**Data records**
= Beginning of Section =

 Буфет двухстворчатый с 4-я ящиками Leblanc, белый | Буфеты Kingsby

= End of Section =
= Beginning of Section =

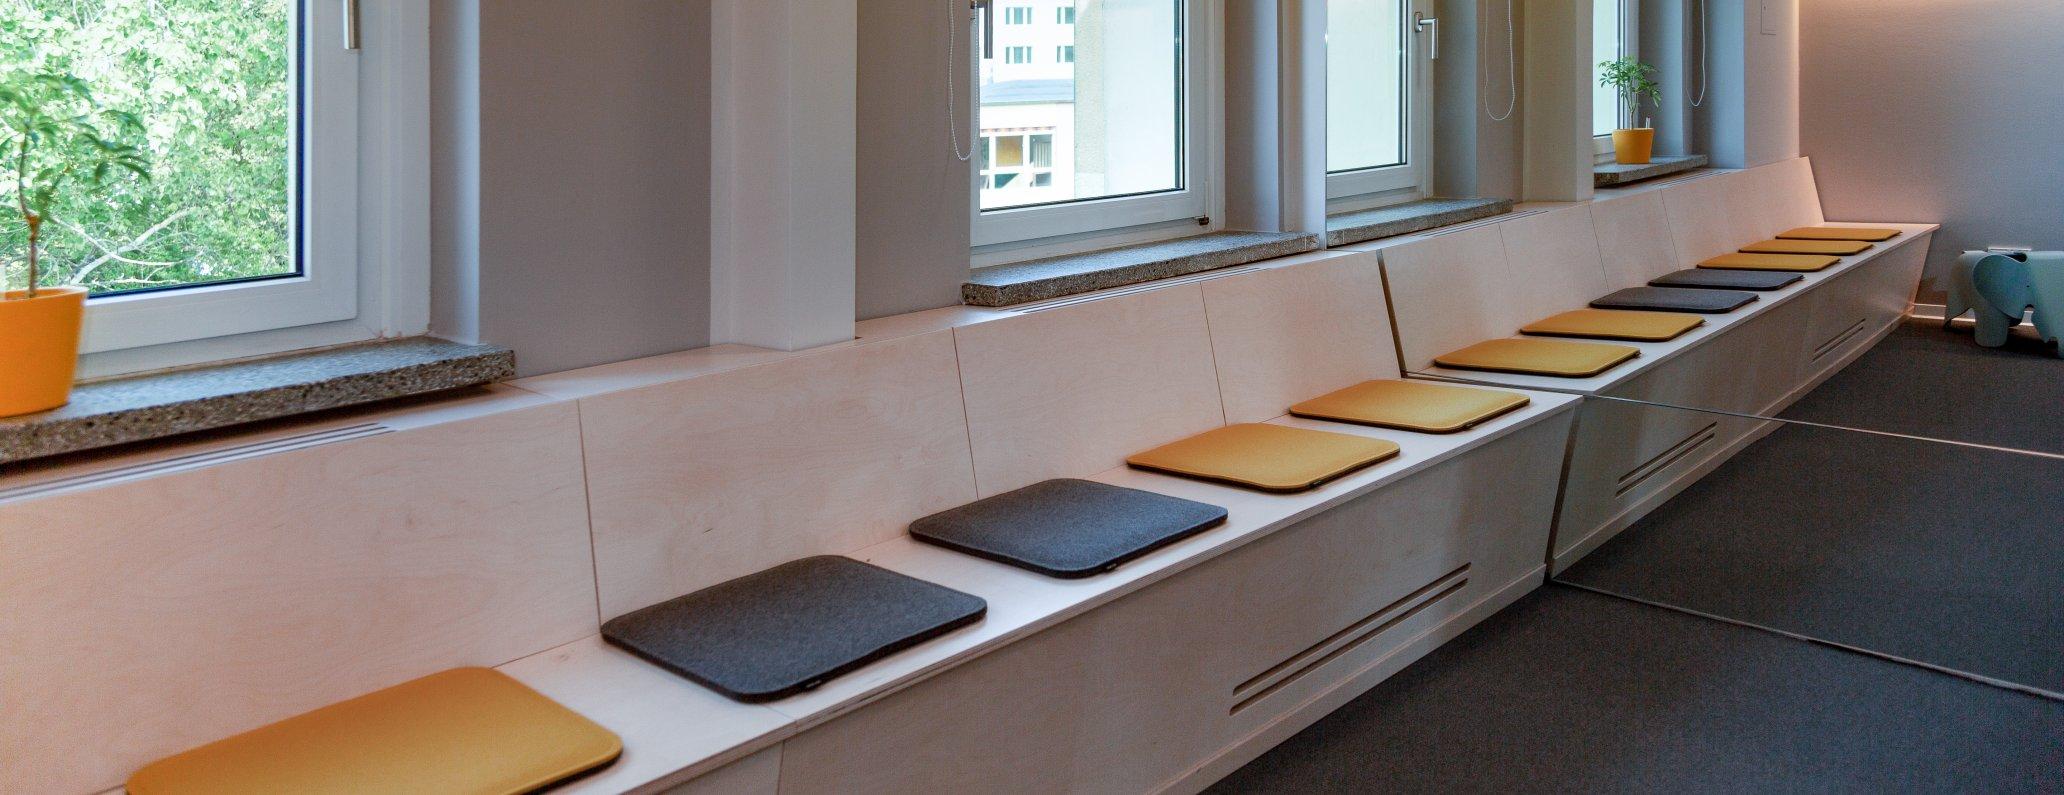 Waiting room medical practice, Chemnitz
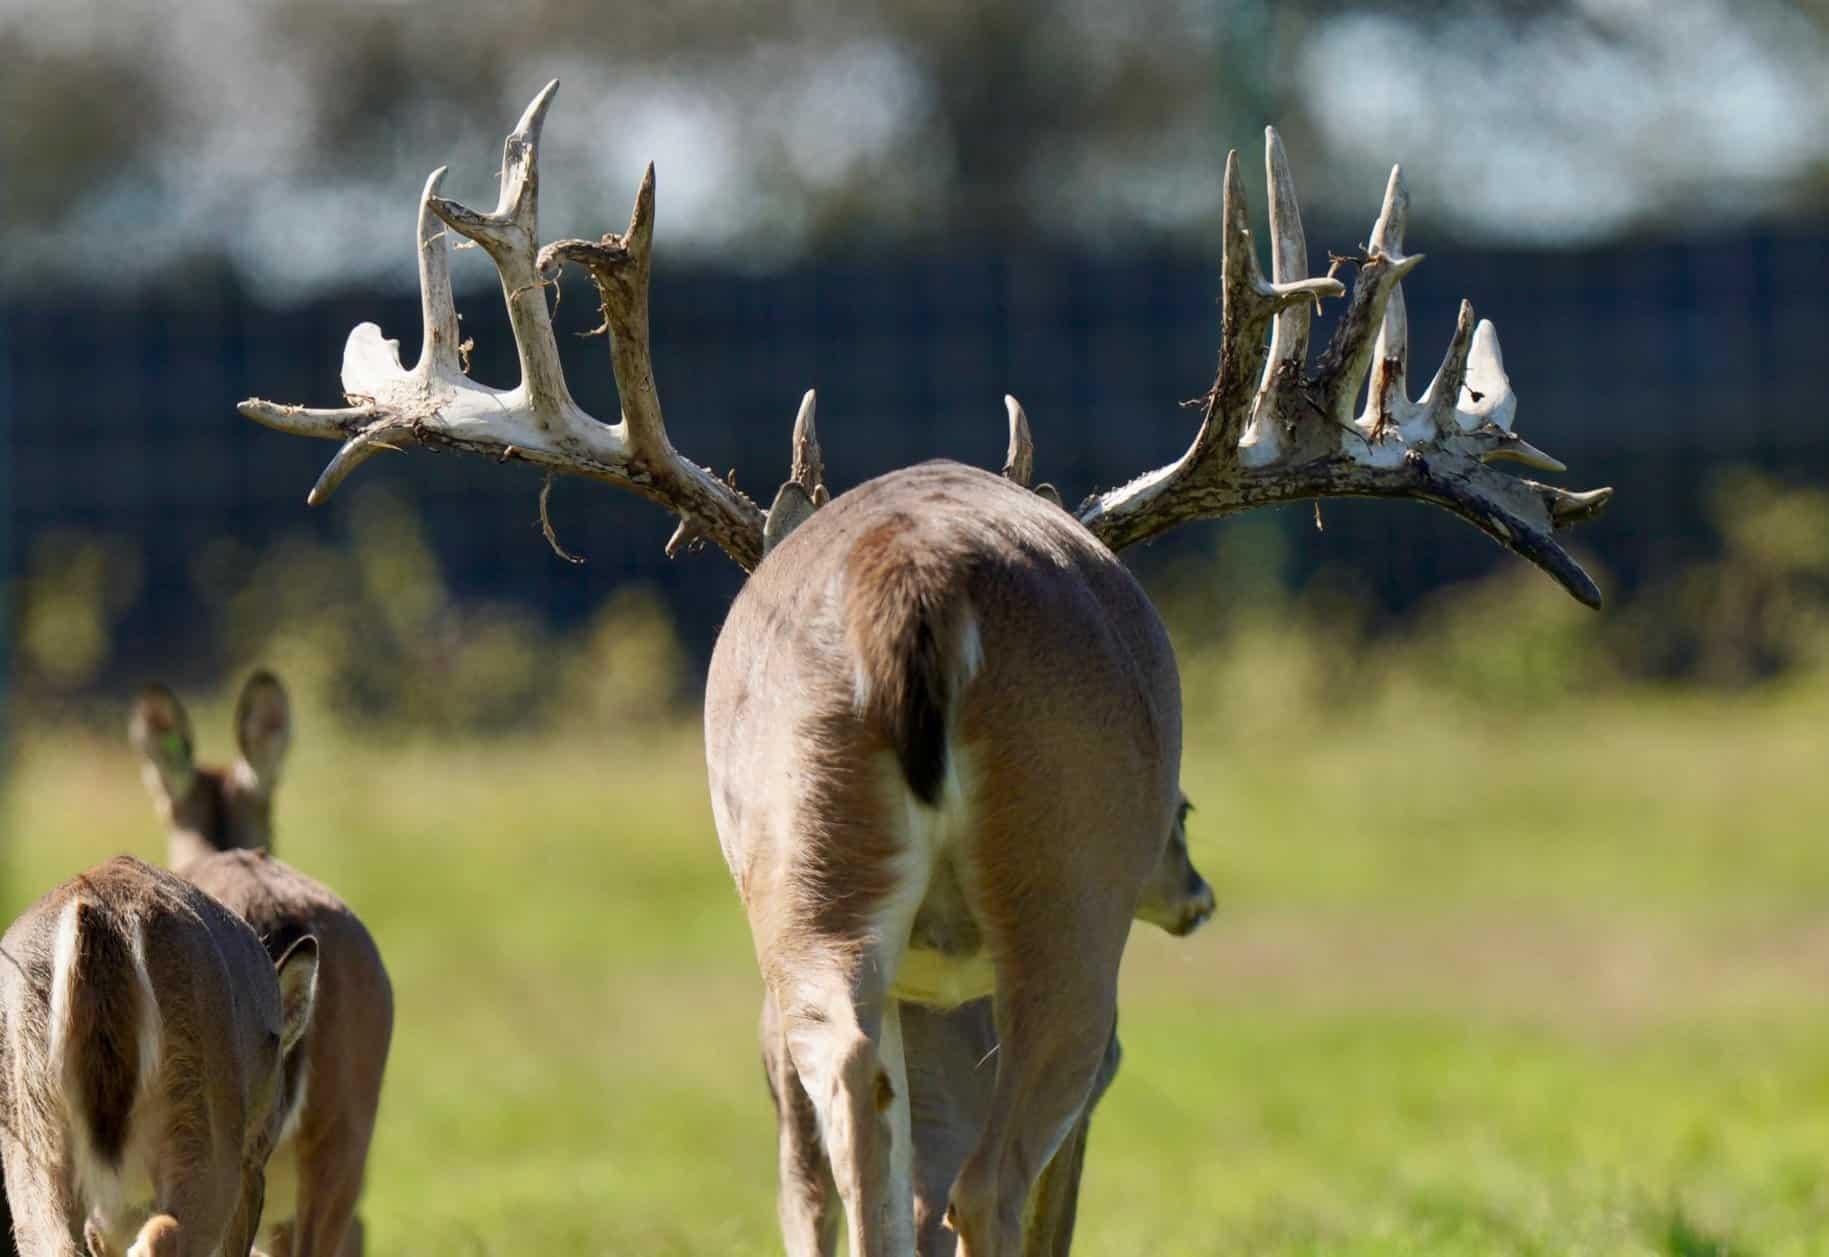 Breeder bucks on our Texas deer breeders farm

= End of Section =

**Work order**
In the listing above, find the line containing "Waiting room medical practice, Chemnitz" and the line containing "Breeder bucks on"; print those lines and every line between them exactly, leaving out pictures.

**Expected output**
 Waiting room medical practice, Chemnitz
 Breeder bucks on our Texas deer breeders farm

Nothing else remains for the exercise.